Sign in to follow this  
ScopeDynamo

Actual methods to train a backprop network?

Recommended Posts

ScopeDynamo    158
Hi, I've got my network code running. It works. I can specifiy targets for my output neurons and it'll always train so that the input becomes the desired output (Within a very low level of error usually but we're talkign 0.0xxxx difference here.) But, now I'm a loss because I'm not sure what are actually practical methods of training a network for useful real world applications would be.

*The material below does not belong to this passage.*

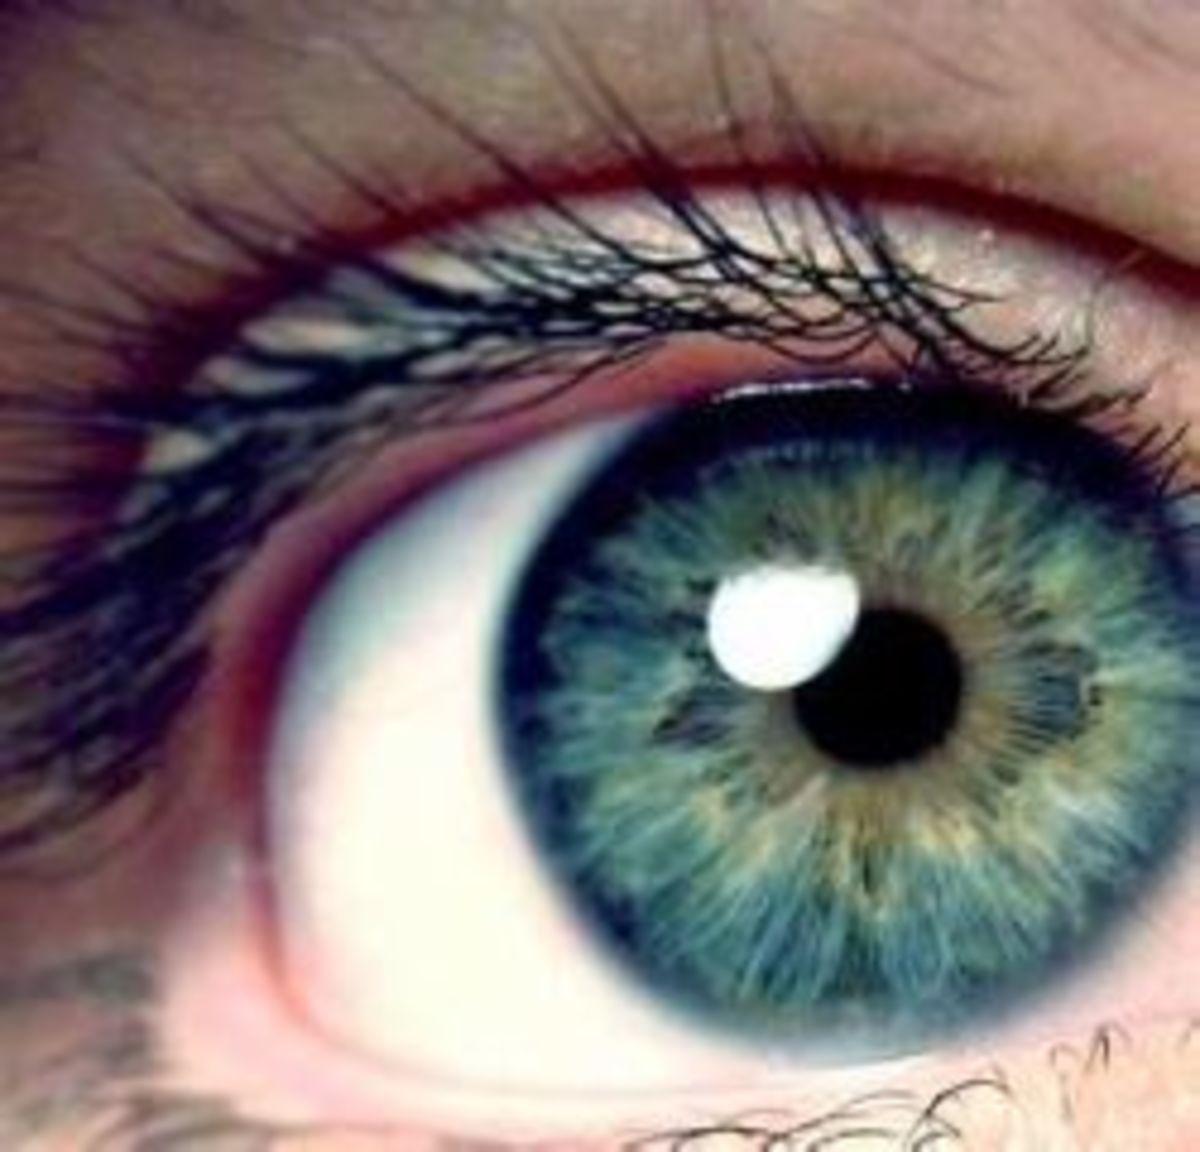 five-senses-seeing-eyes-lesson-plan

Most specifically I'm interested in game related usage, as I wrote it for a 3d game I'm doing. Any sites or tutorials that cover this more design-centric part of ANNS? Most tutorials I see just cover the ANN implentation or offer a simple ocr type training at best. For example, I tried to create a ANN that took two inputs value and produced a one dimensional vector between the two. I.e, Input 0 and and Input 5 would equal 1. Input 0 and input -5 would equal -1. Input 0 and input 0 would equal 0. But no method of training the network I can devise works. I tried simply training to understand 0,5 = 1, in the hope it would inverse any data inputed somehow. But this doesn't work. I tried training hundreds of random vectors, with the target automatically set by the training process. Didn't work.. So just how exactly do you train a net? Or there a series of styles you can use depending on the situration? Is backprop a good enough method of a broad range of generic uses? HELP. :)

Share this post


Link to post
Share on other sites
ScopeDynamo    158
Here's the sample code I used to try and make the vector 'finder',

How would you approach it using the functions you see here? It would really help me to understand this.


using namespace std;


double toang( double val){
return (-1)+val*2;
};

const double PI = 3.1415926;

int _tmain(int argc, _TCHAR* argv[])
{

cout << "A test of all tests"<<endl;
NeuralNet *vpu = new NeuralNet;
NInput *ax = vpu->addInput();
NInput *ay = vpu->addInput();

NOutput *xvec = vpu->addOutput();

vpu->addHiddenLayer(8);
vpu->connectNetwork();

int ind=0;
int loc=2200;
double dang=120;

ax->value(0); //input 1
ay->value(-5); // input 2//
xvec->target( -1 ); //output 1's desired output. Backprop error based learning.
while( ind<950){
double err=vpu->cycle();
if(err<0.05) break; //err = average error of last cycle.
ind++;
loc++;
if(loc>50){
cout<<(float)xvec->value()<<endl;
cout<<"Average Error:"<<err<<endl;
loc=0;

};
};


cout<<"Done!"<<endl;
//vpu->learn(false);


ax->value( 0 );
ay->value( -5 );
xvec->target(0);
double err=vpu->cycle();
cout<<"XOut:"<<xvec->value()<<endl; //does not work!
cout<<"New Error:"<<err<<endl;
while(true){

};



return 0;
}


Share this post


Link to post
Share on other sites
pinacolada    834
(Edit)

Ah I see what you're doing wrong. When you are training the network on several cases at once, you need to train each case -simultaneously-. As in, you train it on (0,5)->1 for one cycle. Then you train it on (0,-5)->-1 for one cycle. Then (0,0)->0 for one cycle. Then you go back to the first case, and repeat hundreds of times.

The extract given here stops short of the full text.